Reputation: 229
I am trying to perform the following operation on pyspark.sql.dataframe
from pyspark.sql.functions import sum as spark_sum
df = spark.createDataFrame([
('a', 1.0, 1.0), ('a',1.0, 0.2), ('b', 1.0, 1.0),
('c' ,1.0, 0.5), ('d', 0.55, 1.0),('e', 1.0, 1.0)
])
>>> df.show()
+---+----+---+
| _1| _2| _3|
+---+----+---+
| a| 1.0|1.0|
| a| 1.0|0.2|
| b| 1.0|1.0|
| c| 1.0|0.5|
| d|0.55|1.0|
| e| 1.0|1.0|
+---+----+---+
Then, I am trying to do the following operation.
1) Select the rows when column df[_2]
> df[_3]
2) For each row of selected from above, multiply df[_2] * df[_3]
, then take their sum
3) divide the result from above by the sum of column of df[_3]
Here is what I did:
>>> filter_df = df.where(df['_2'] > df['_3'])
>>> filter_df.show()
+---+---+---+
| _1| _2| _3|
+---+---+---+
| a|1.0|0.2|
| c|1.0|0.5|
+---+---+---+
>>> result = spark_sum(filter_df['_2'] * filter_df['_3'])
/ spark_sum(filter_df['_3'])
>>> df.select(result).show()
+--------------------------+
|(sum((_2 * _3)) / sum(_3))|
+--------------------------+
| 0.9042553191489361|
+--------------------------+
But the answer should be (1.0 * 0.2 + 1.0 * 0.5) / (0.2+0.5) = 1.0 This is not correct. What??
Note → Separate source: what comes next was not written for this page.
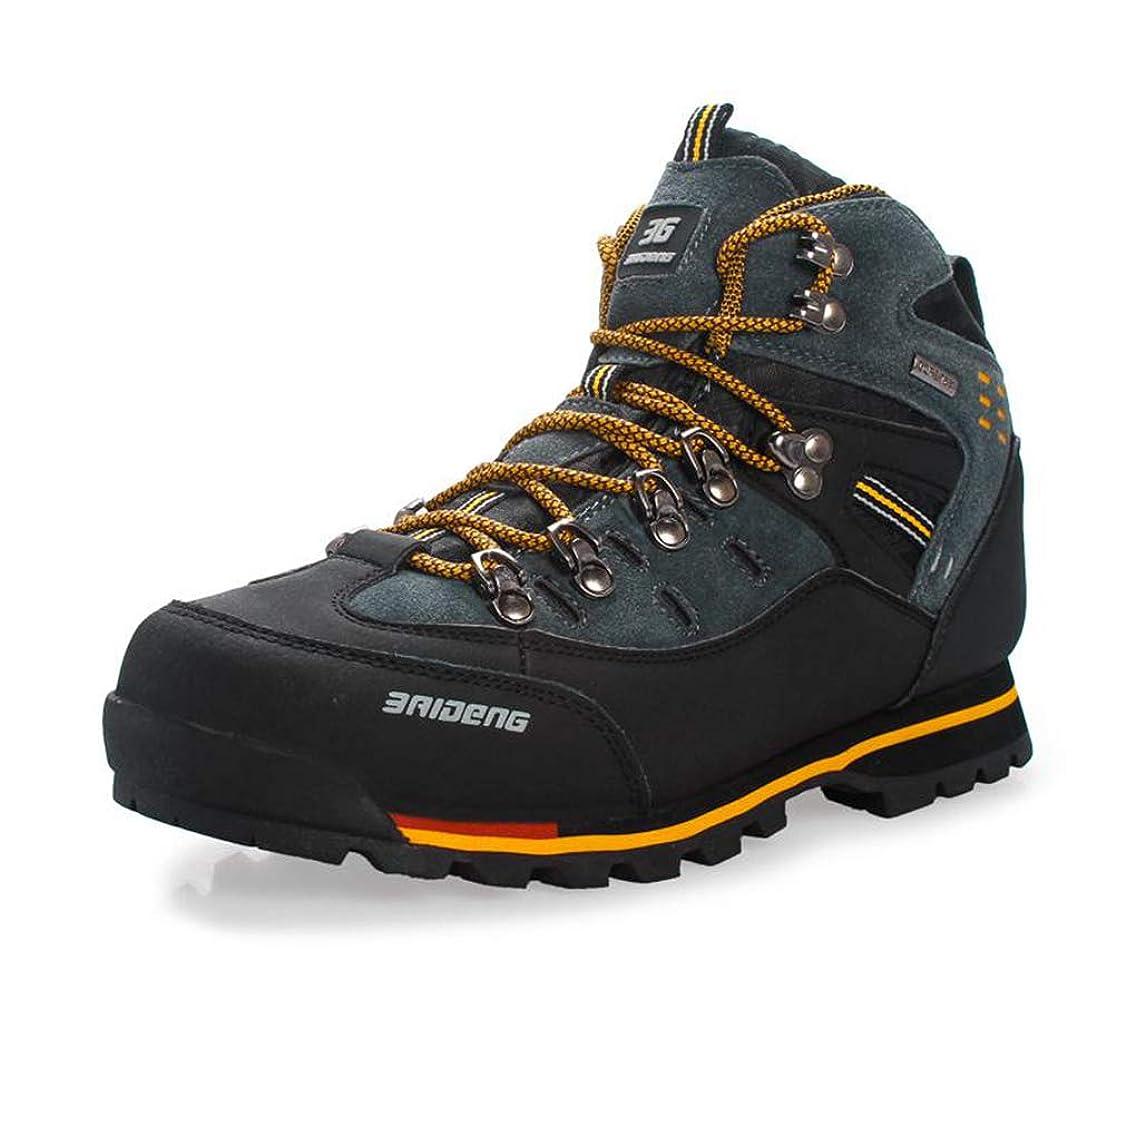 Bergort Hiking Boots Men Outdoor Leather Trekking Shoes

It seems to me that such operation only taken on the original df
, but not the filter_df
. WTF?
Upvotes: 4
Views: 1540
Reputation: 5870
You need to call it in filter_df.
>>> result = spark_sum(filter_df['_2'] * filter_df['_3'])
/ spark_sum(filter_df['_3'])
This is a transformation function which returns a column and gets applied on dataframe we apply it (lazy evaluation). Sum is an aggregate function and when called without any groups, it applies on whole dataset.
>>> filter_df.select(result).show()
+--------------------------+
|(sum((_2 * _3)) / sum(_3))|
+--------------------------+
| 1.0|
+--------------------------+
Upvotes: 2